RAG — giving AI access to your data
How retrieval-augmented generation works, when to use it, and the simpler alternatives most people overlook.
A trained model knows what it read during training. It doesn't know your company's wiki, last week's emails, or the PDF you just opened. RAG — Retrieval-Augmented Generation — is the standard pattern for fixing that. The name sounds complicated; the idea is simple.
The 30-second mental model
- You have a pile of documents the model doesn't know about.
- You ask a question.
- A search step finds the most relevant chunks from your pile.

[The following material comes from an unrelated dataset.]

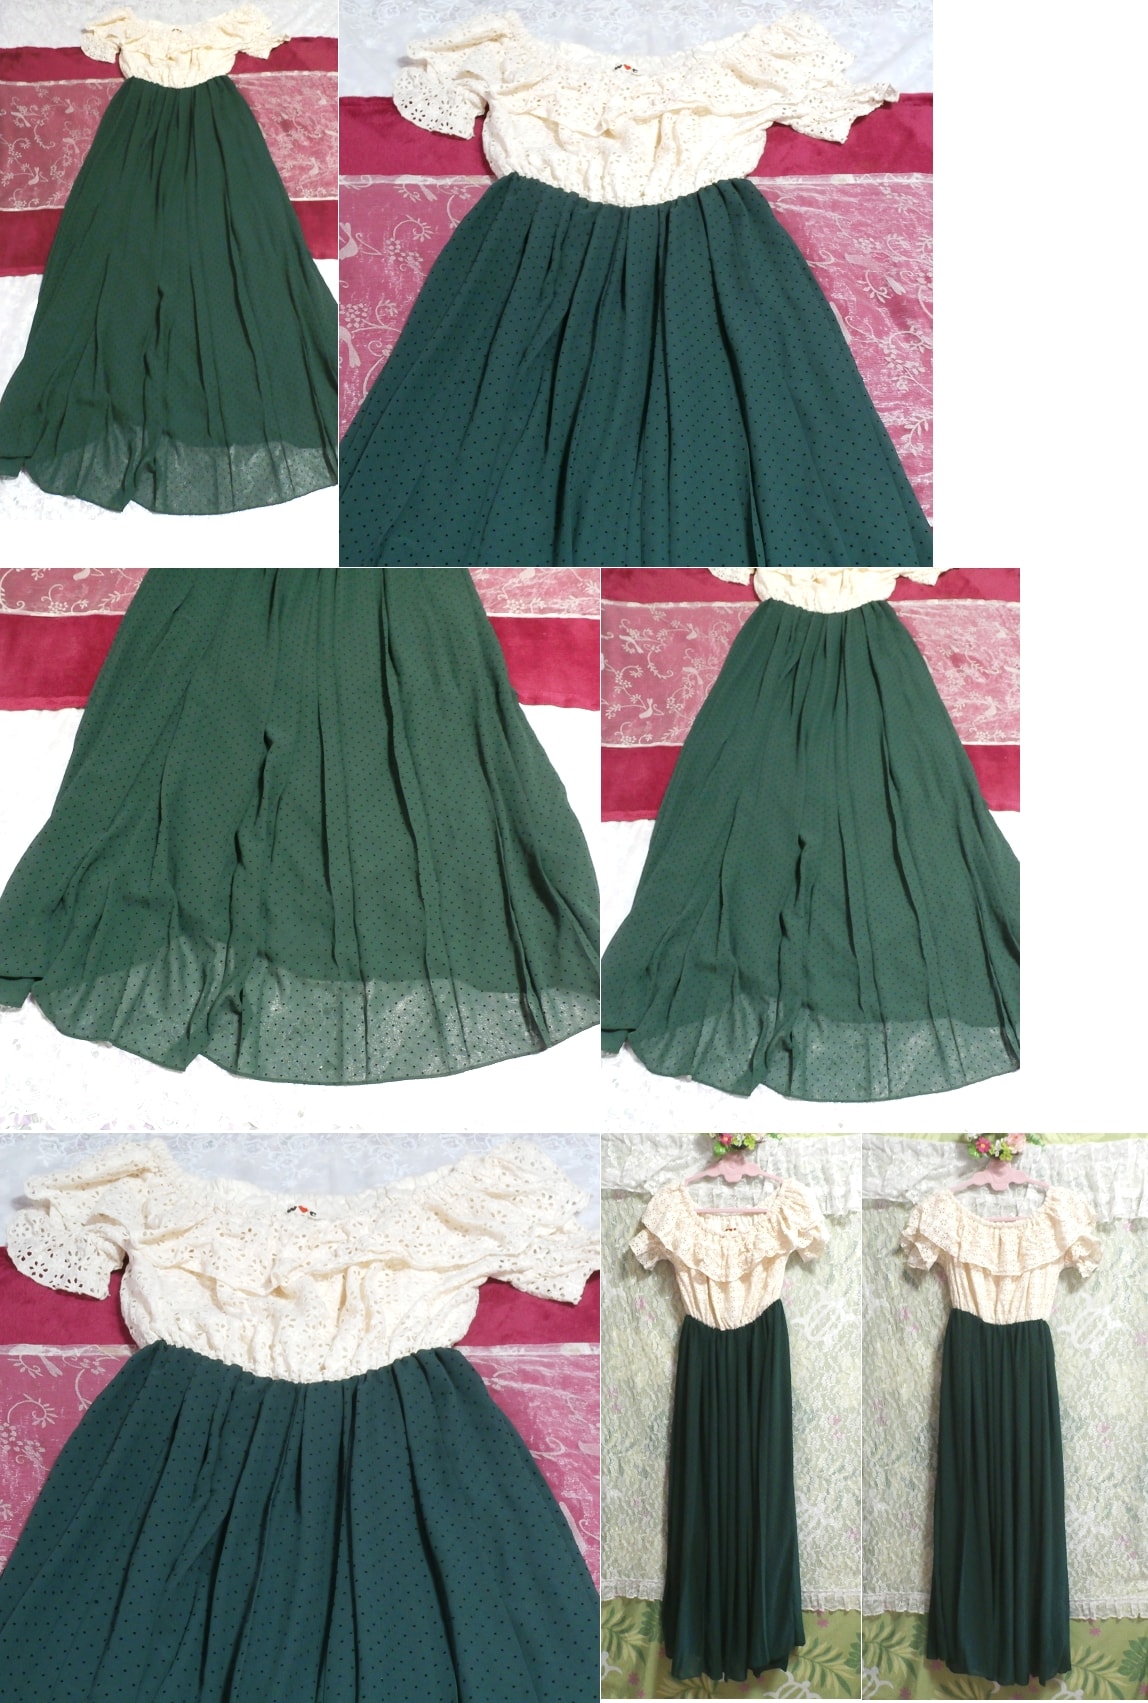 화이트 꽃무늬 화이트 레이스 네글리제 나이트가운 맥시 드레스 그린 쉬폰 스커트 드레스, 롱 스커트, m 사이즈

- The model answers with those chunks attached to the prompt.
That's it. Retrieval (find the docs) + Generation (answer with them in context).
How retrieval actually works
- Chunk. Split every document into ~500–1500 token pieces. Overlap them slightly so context isn't sliced apart.
- Embed. Run each chunk through an embedding model (OpenAI, Cohere, Voyage, open-source like nomic-embed). Out comes a high-dimensional vector — a "fingerprint of meaning".
- Store. Save the chunks + their vectors in a vector database — Postgres with pgvector, Pinecone, Qdrant, Weaviate, LanceDB.
- Search. When a question comes in, embed it too. Find the chunks whose vectors are nearest (cosine similarity).
- Generate. Stuff the top 3–10 chunks into the LLM's prompt: "Answer the user's question using only these snippets." Cite the source where possible.
When RAG is the right answer
- Internal company knowledge. Wiki, runbooks, sales playbooks, policy docs.
- Customer support. Help center articles + past tickets.
- Code search. "Find a function that does X" across a large codebase.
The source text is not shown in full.